UNTUK mengamankan kegiatan penerbangan dari gangguan frekuensi radio untuk penerbangan, Direktorat Jenderal Sumber Daya dan Perangkat Pos dan Informatika Kementerian Komunikasi dan Informatika menjalin kerja sama dengan Direktorat Jenderal Perhubungan Udara Kementerian Perhubungan.
Kedua instansi nantinya akan berkoordinasi mengamankan spektrum frekuensi radio penerbangan sesuai dengan tugas dan fungsinya masing-masing.
Penggunaan frekuensi radio untuk keperluan penerbangan dapat mengalami gangguan baik dari stasiun-stasiun radio penerbangan maupun di luar penerbangan yang dapat mempengaruhi keselamatan penerbangan. "Oleh karenanya penggunaan spektrum frekuensi radio harus diatur sedemikian rupa mulai dari perencanaan, penetapan, perizinan serta standar perangkat yang dipakai," ujar Direktur Jenderal Sumber Daya dan Perangkat Pos dan Informatika (SDPPI), Muhamad Budi Setiawan, di Jakarta, Jumat (26/4).
Budi menyebutkan, spektrum frekuensi radio termasuk sumber daya yang terbatas. Namun spektrum frekuensi radio itu sangat dibutuhkan tidak hanya untuk kegiatan penerbangan.

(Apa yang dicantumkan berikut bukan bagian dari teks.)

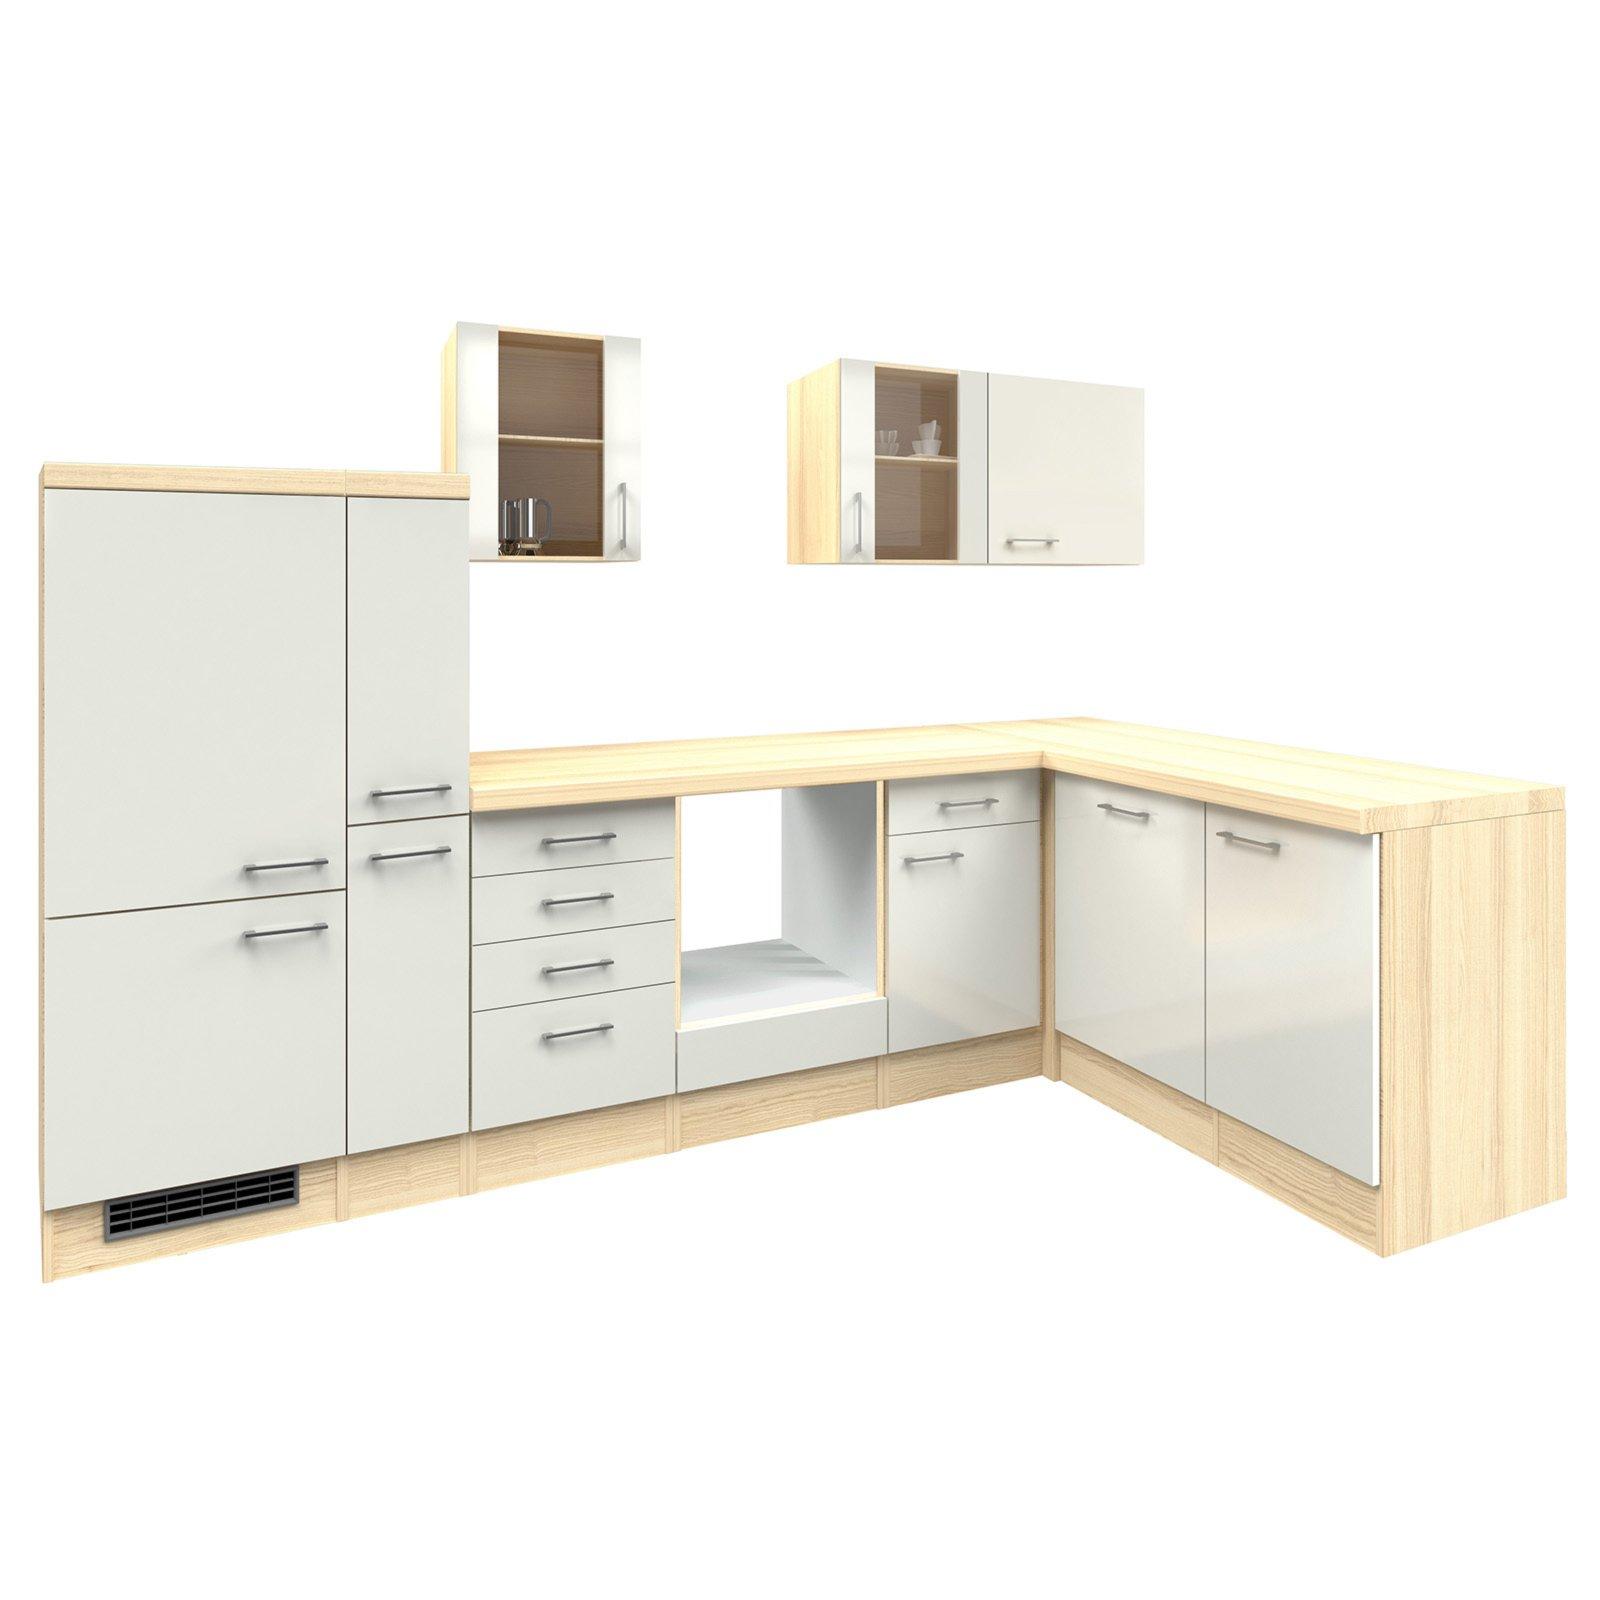 winkelk che abaco perlmutt akazie 310x170 cm. Black Bedroom Furniture Sets. Home Design Ideas

"Spektrum frekuensi radio termasuk sumber daya yang terbatas. Karena terbatas tentunya banyak peminat sehingga perlu manajemen khusus yang terdiri dari kebajakan, perencanaan, penetapan, standar perangkat yang dipakai.Juga perizinan, monitoring dan penertiban yang lebih banyak disentuh dalam kesepakatan,"ujar Budi usai acara penandatangan nota kesepahaman bersama Pengamanan Spektrum Frekuensi Radio untuk Keperluan Penerbangan di hotel Sari Pan Pacific.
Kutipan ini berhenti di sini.